- Court: High Court of Australia
- Decided: 25 February 1964
- Citations: [1964] HCA 9, (1964) 110 CLR 194

Court membership
- Judges sitting: Dixon CJ, McTiernan, Kitto, Taylor, Menzies, Windeyer and Owen JJ

Case opinions
- (7:0) Section 4 of the Australian Industries Preservation Act applied to a contract in the restraint of trade which dealt with intrastate and interstate trade. (per Dixon CJ, McTiernan, Kitto, Taylor, Menzies, Windeyer & Owen JJ)

= Redfern v Dunlop Rubber Australia Ltd =

Redfern v Dunlop Rubber Australia Ltd, was a case decided in the High Court of Australia regarding the scope of the trade and commerce power in section 51(i) of the Constitution.

==Background==

The plaintiffs, Highway Tyre Service, Pakenham Tyre Service, and H.J. King Tyre Service ("Redfern") were three companies engaged in carrying on the business of buying, selling and dealing in motor and cycle tyres and tubes. The defendants consisted of five companies: Dunlop Rubber Australia Limited, B.F. Goodrich Australia Pty. Limited, The Olympic Tyre & Rubber Co. Proprietary Limited, Hardie Rubber Company Pty. Limited, and The Goodyear Tyre & Rubber Co. (Australia) Limited. These companies were all incorporated in the state of Victoria.

The companies entered into a series of contracts between them, which contained terms to the effect of fixing the prices of goods for traders, and the terms on which the goods could be retailed. It was alleged that all of this was done in restraint of, or with intent to restrain, trade and commerce among the States. The plaintiffs claimed that damage resulted from the contracts, arising in their inability to obtain tyres and other goods at wholesale prices and the ability to obtain them only at the prices established under the contracts.

The case involved the Australian Industries Preservation Act, which made it an offence to enter into a contract covering a restraint of trade. The action was commenced in the original jurisdiction of the High Court. The defendants objected to the sufficiency of the claims and the case was referred to the Full Court.

==Decision==

The issue present was whether the Commonwealth Act could regulate contracts concerning trade and commerce of companies within a single state. The High Court held that the Commonwealth could render the contract void, even if it contained terms that cover purely intrastate trade. This involved a practical consideration where a party could void the involvement of the Commonwealth in regulating trade and commerce by simply inserting an intrastate clause in a contract.

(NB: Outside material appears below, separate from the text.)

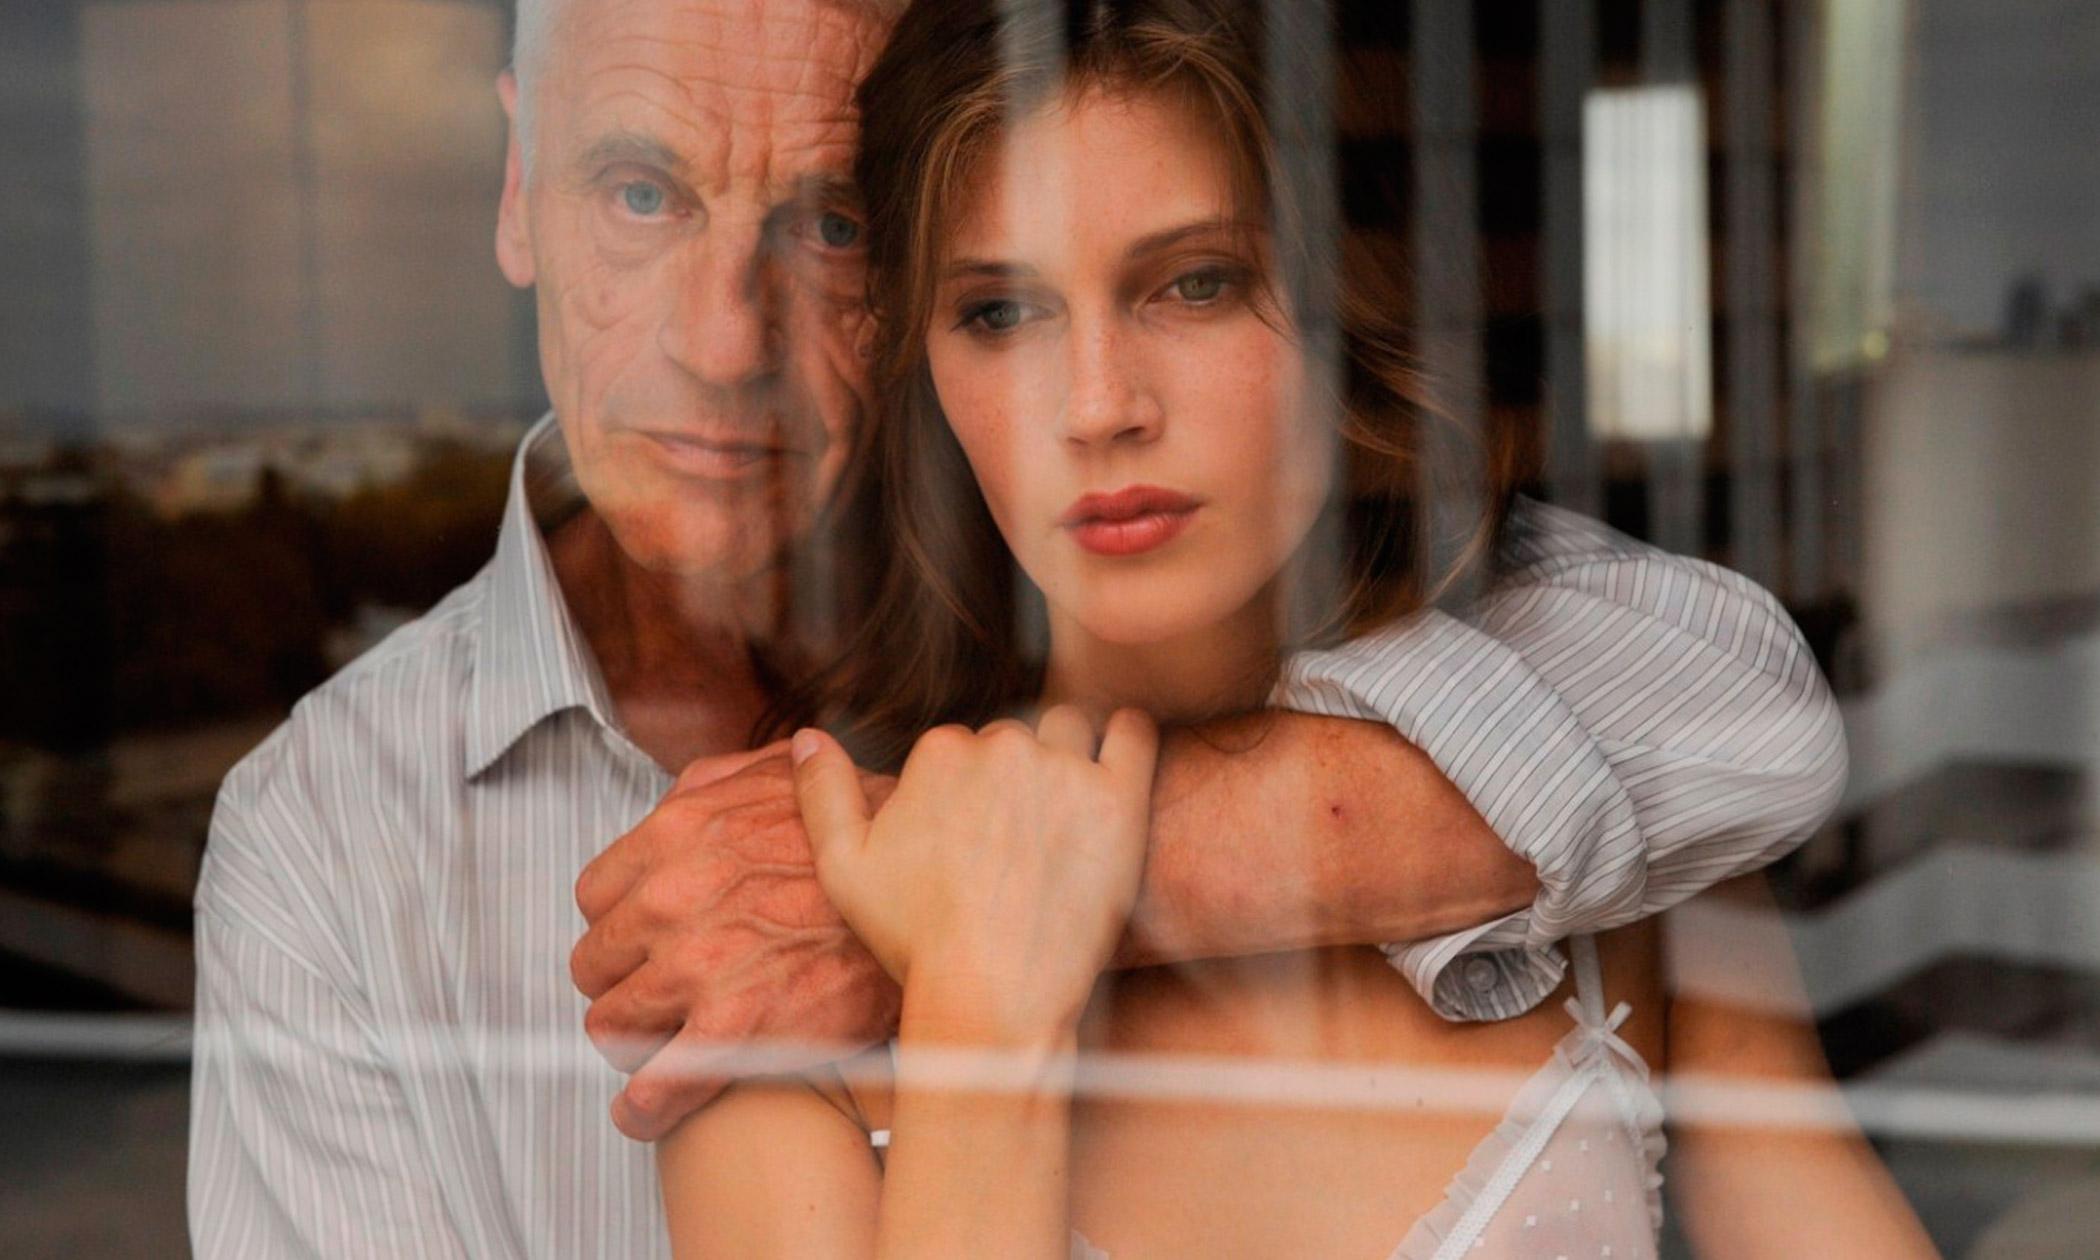 С немолодой женой смотреть онлайн 9 фотография
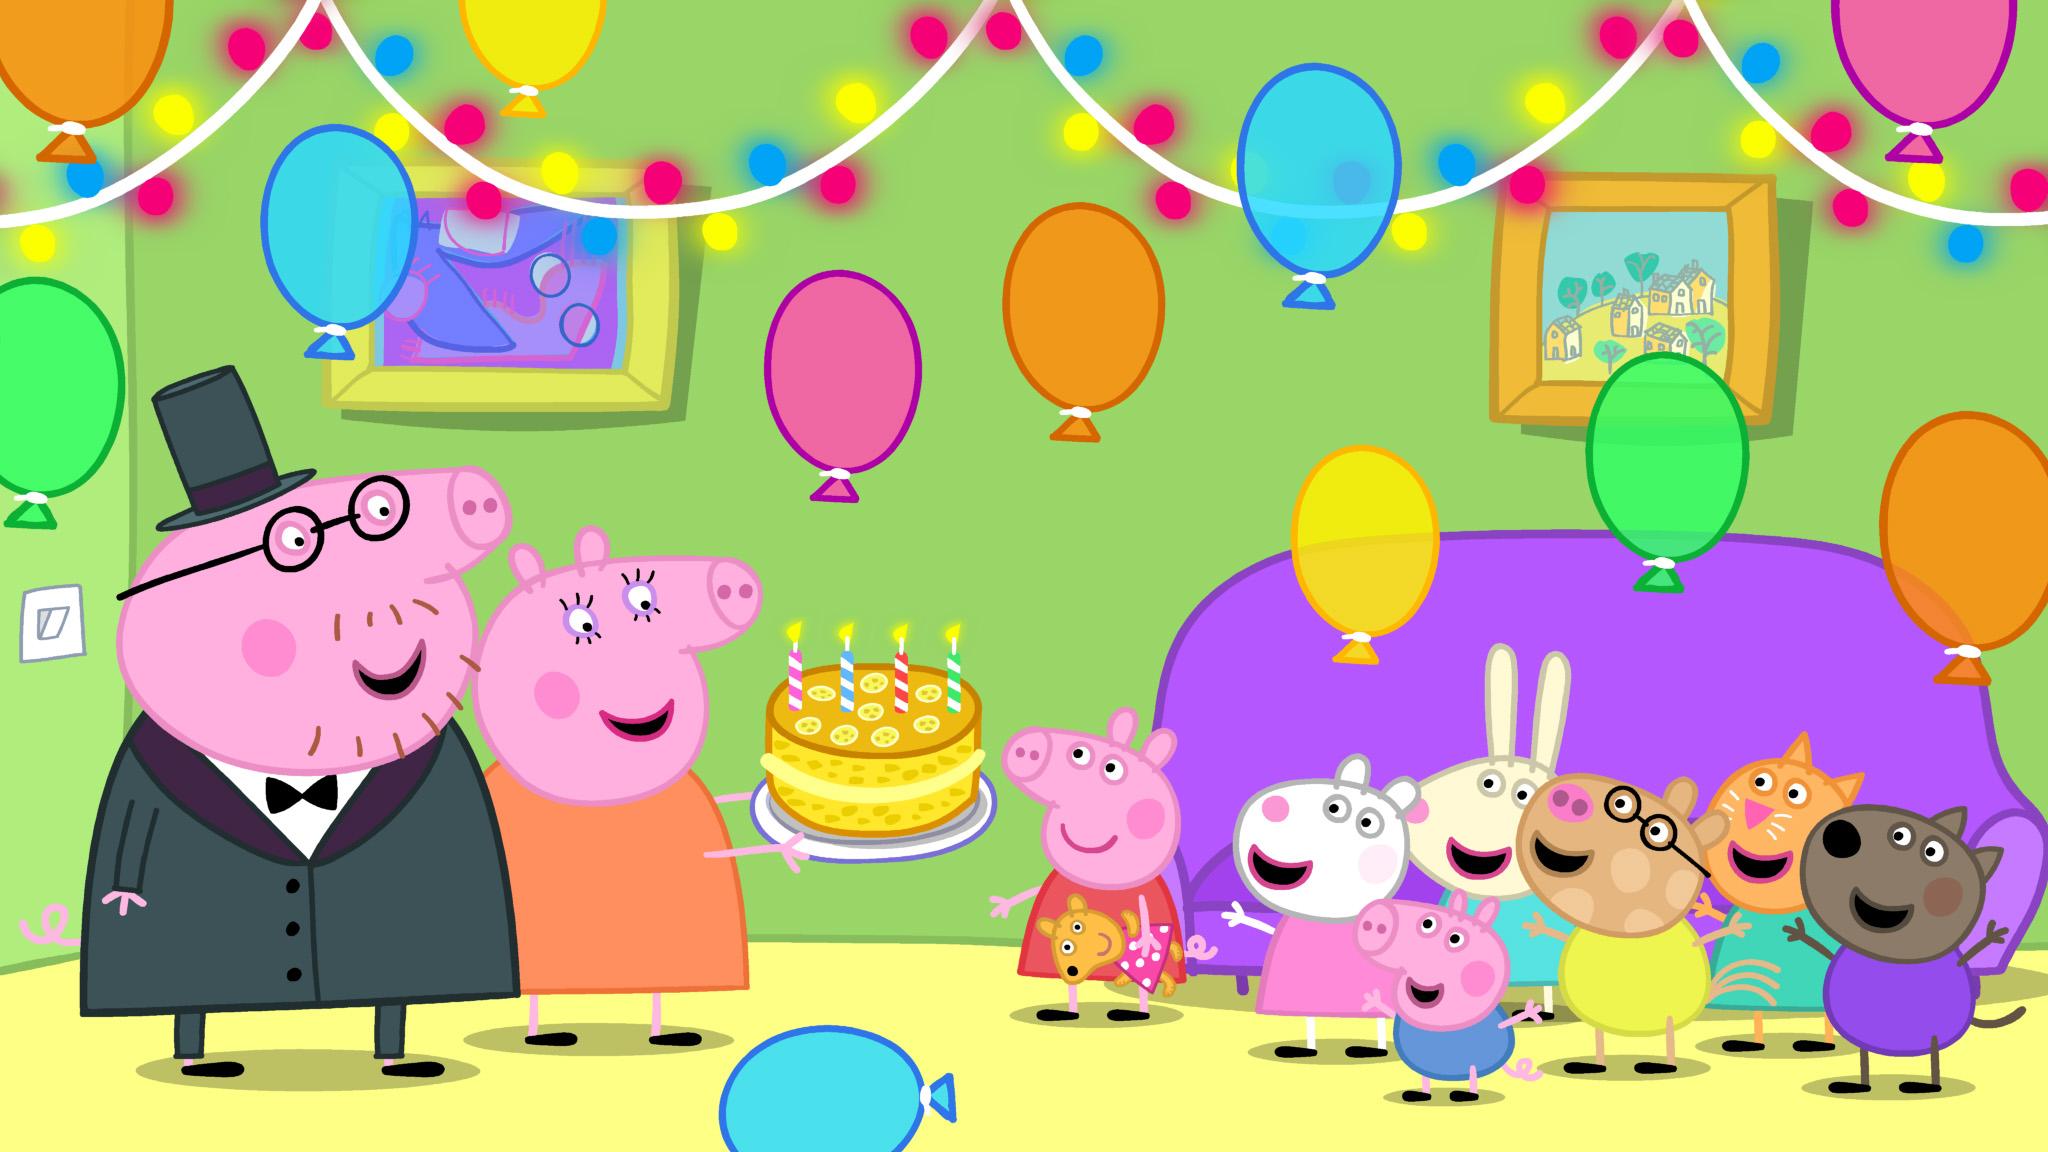 EONE PEPPA PIG DADDY PIG KIDS TELEVISION CHILDRENS TV CHILDREN 2048x1152

Menzies J stressed the importance of the principle that the Commonwealth's power over trade and commerce extends only to intrastate trade and commerce that is inseparably connected with interstate trade and commerce. Menzies J further noted that this principle was quite consistent with allowing the Commonwealth the power to prohibit or regulate acts that relate to intrastate trade and commerce if they relate to interstate trade and commerce or overseas trade and commerce as well

The High Court hence unanimously adopted Owen J's dissent in Swift Australian Co (Pty) Ltd v Boyd Parkinson, by holding that the Commonwealth was within power to produce legislation covering mixed activities.